Au-delà des aspects synergies, l’atteinte d’une taille critique en vue de réaliser des économies d’échelle apparaît comme un prérequis. Classé 18e au sein du palmarès 2012 des principales banques privées en Asie-Pacifique réalisé par le magazine Private Banker International, Société Générale a vendu cet été son activité de banque privée au Japon et envisagerait aujourd’hui de se séparer de sa filiale asiatique basée à Singapour. « Société Générale présente un fort ancrage européen, notamment dans la banque privée où 80 % de l’activité y est réalisée. Notre filiale au Japon était très domestique. Une opportunité intéressante de cession s’est présentée et nous l’avons saisie », explique Didier Valet, qui n’a pas souhaité commenter les rumeurs sur Singapour. Ayant repris en mars 2013 les activités de gestion de fortune de Morgan Stanley en Europe (hors Suisse), au Moyen-Orient et en Afrique, Credit Suisse, qui n’a pu se rendre disponible pour commenter ces évolutions, prévoit désormais de se retirer de plusieurs pays africains comme l’Angola, et d’ex-République soviétique tels que l’Ouzbékistan ou la Biélorussie. « Pour exister aujourd’hui, il faut disposer d’une plate-forme de distribution très importante, parallèlement à une forte capacité d’innovation, estime Arnaud de Servigny. Chez DeAWM, nous avons fusionné l’an passé nos activités de gestion d’actifs et gestion de fortune, afin de mieux répondre aux diverses problématiques de nos clients. »
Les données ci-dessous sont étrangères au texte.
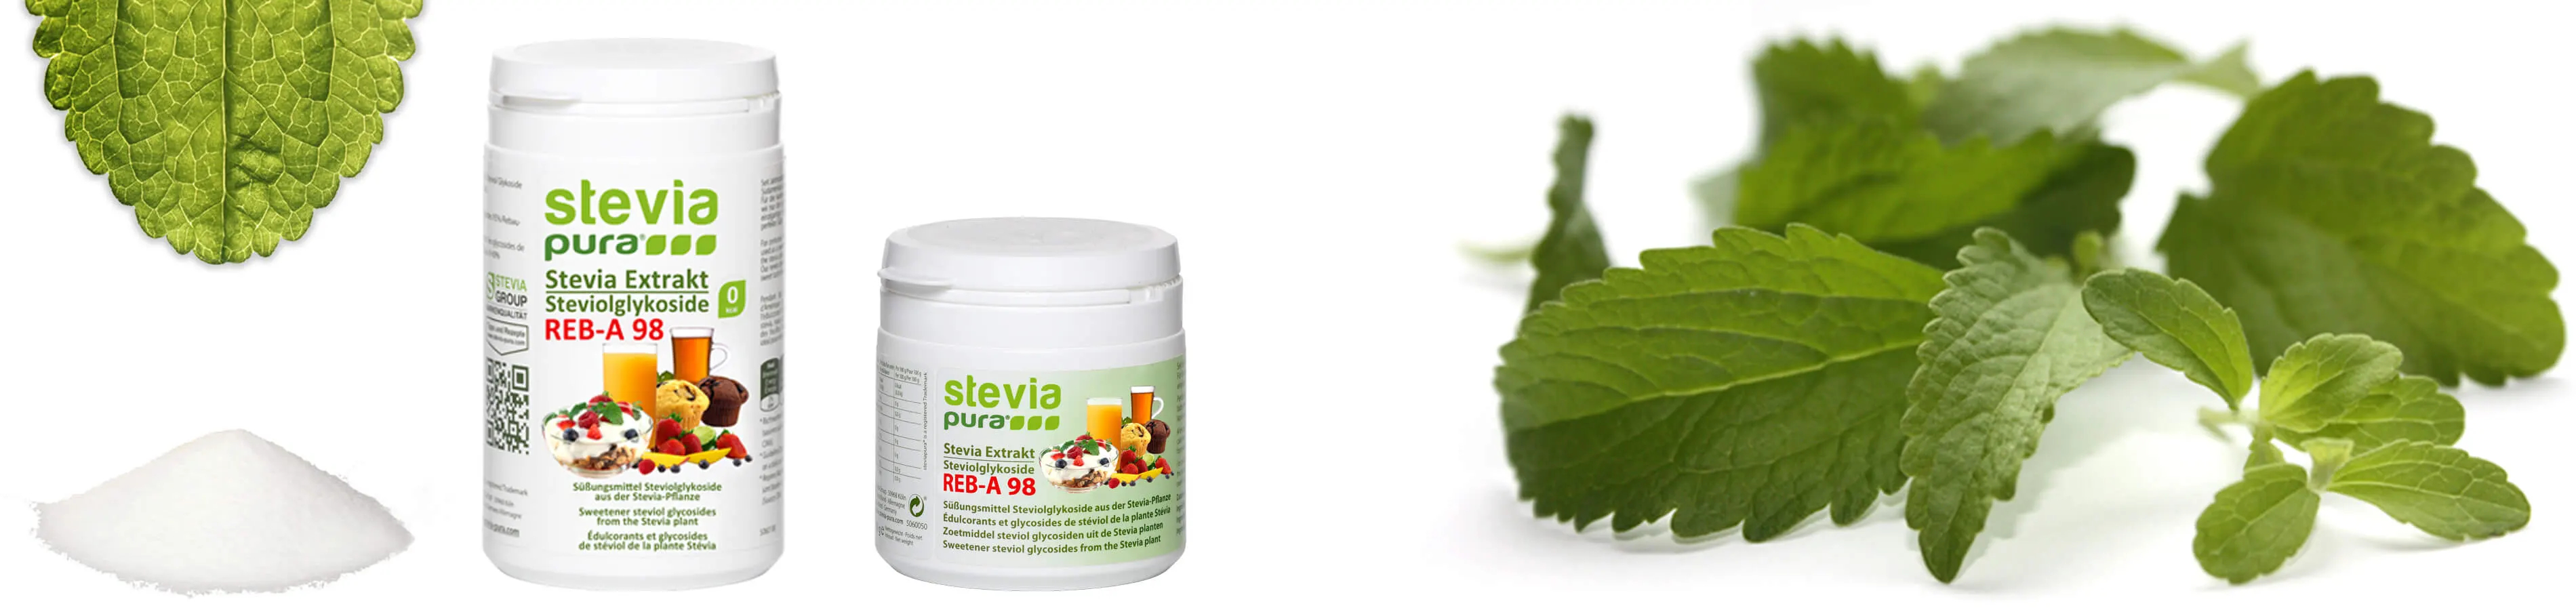 Les Glycosides de Stéviol  sont les substances sucrées contenues dans la plante Stévia. La poudre de Stévia pure est utilisée comme substitut du sucre ou comme Édulcorant.
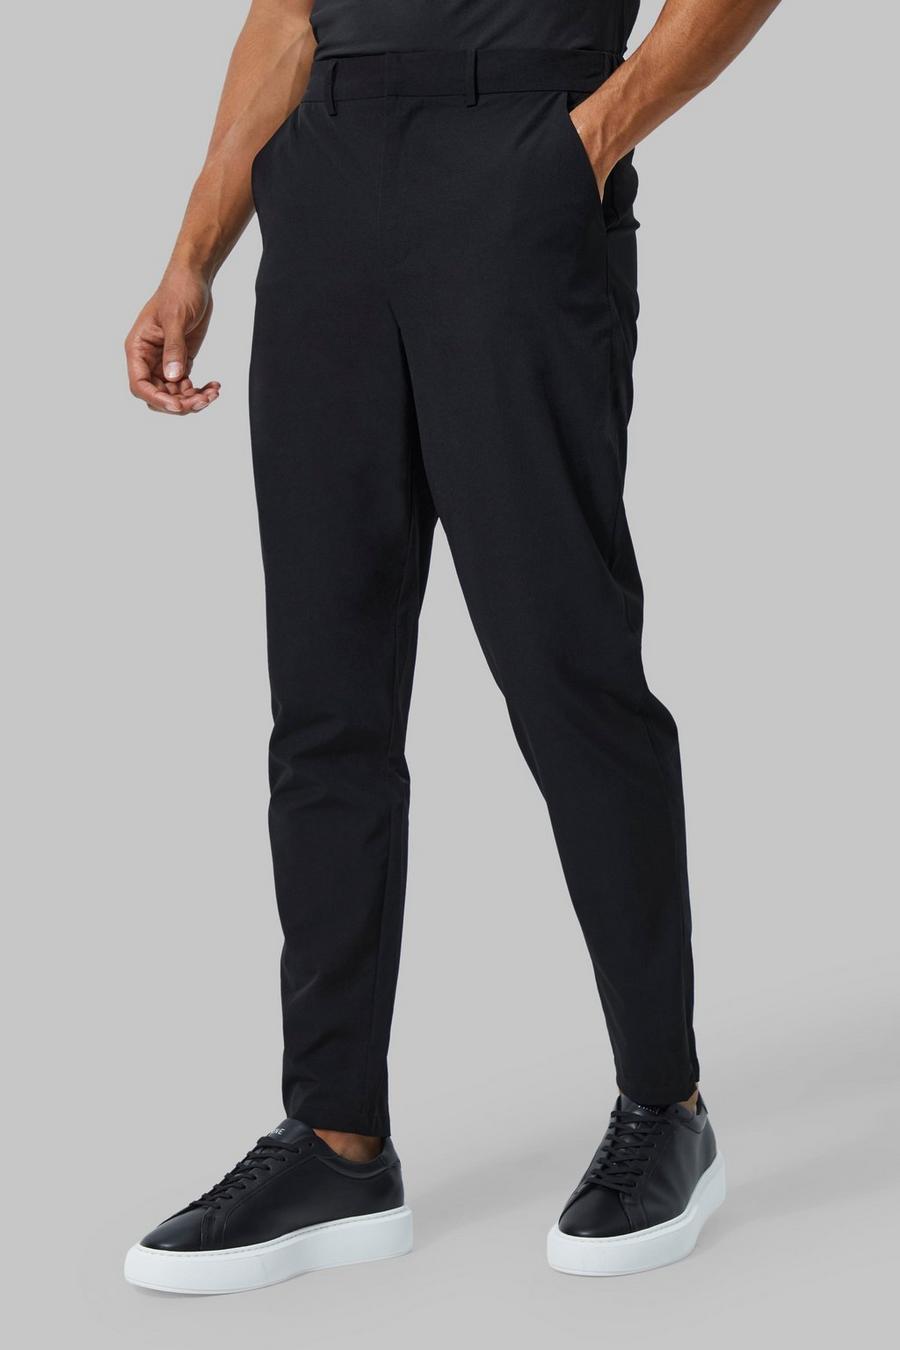 Black noir Man Active Stretch Golf Trousers

Enfin, il faut pouvoir s'appuyer sur des infrastructures existantes, leur permettant ainsi de mutualiser les coûts. En dehors de l’Europe, « nous développons une offre de banque privée dans les pays où nous pouvons nous appuyer sur la présence de la banque de détail à l’international, comme la République Tchèque et prochainement le Maroc », déclare Didier Valet. « Nous entendons poursuivre notre croissance en Europe, notamment en France, en Belgique, en Italie et au Luxembourg, en nous basant sur les réseaux de banque de détail du groupe, et aux Etats-Unis, où nous capitalisons depuis deux ans sur ceux de Bank of the West. Nous disposons désormais de huit centres outre-Atlantique, qui enregistrent des croissances à deux chiffres de leur activité. La clientèle ciblée dispose d’un minimum de 250 millions d’euros de patrimoine, développe Sofia Merlo, codirigeante de BNP Paribas Wealth Management. Présents depuis 150 ans en Asie, nous souhaitons y renforcer notre présence. Ne disposant pas de réseau dans cette zone, nous nous appuyons sur nos différentes plates-formes de banque de financement et d’investissement (Hong Kong, Chine, Singapour, Taïwan et Inde) en ciblant les individus les plus fortunés, disposant de plus de 5 millions d’euros de patrimoine, et en procédant à de nombreux recrutements. »

L’Asie, pour les acteurs y disposant d’une taille significative, représente un marché à fort potentiel. Pour UBS, qui a retrouvé cette année sa place de premier gérant de fortune dans cette zone géographique selon le classement Private Banker International, de même que sa place de premier acteur à l’échelle mondiale (voir le tableau), « l’Asie constitue notre premier moteur de croissance et emploie 8.000 collaborateurs, atteste Emmanuel d’Orsay. Le groupe UBS souhaite poursuivre son développement dans cette zone ». Selon des prévisions issues du rapport Capgemini RBC Wealth Management, la richesse des particuliers fortunés en Asie-Pacifique devrait enregistrer une croissance annualisée de 9,8 % au cours des trois prochaines années, soit un taux une fois et demie supérieur à la croissance attendue à l’échelle mondiale.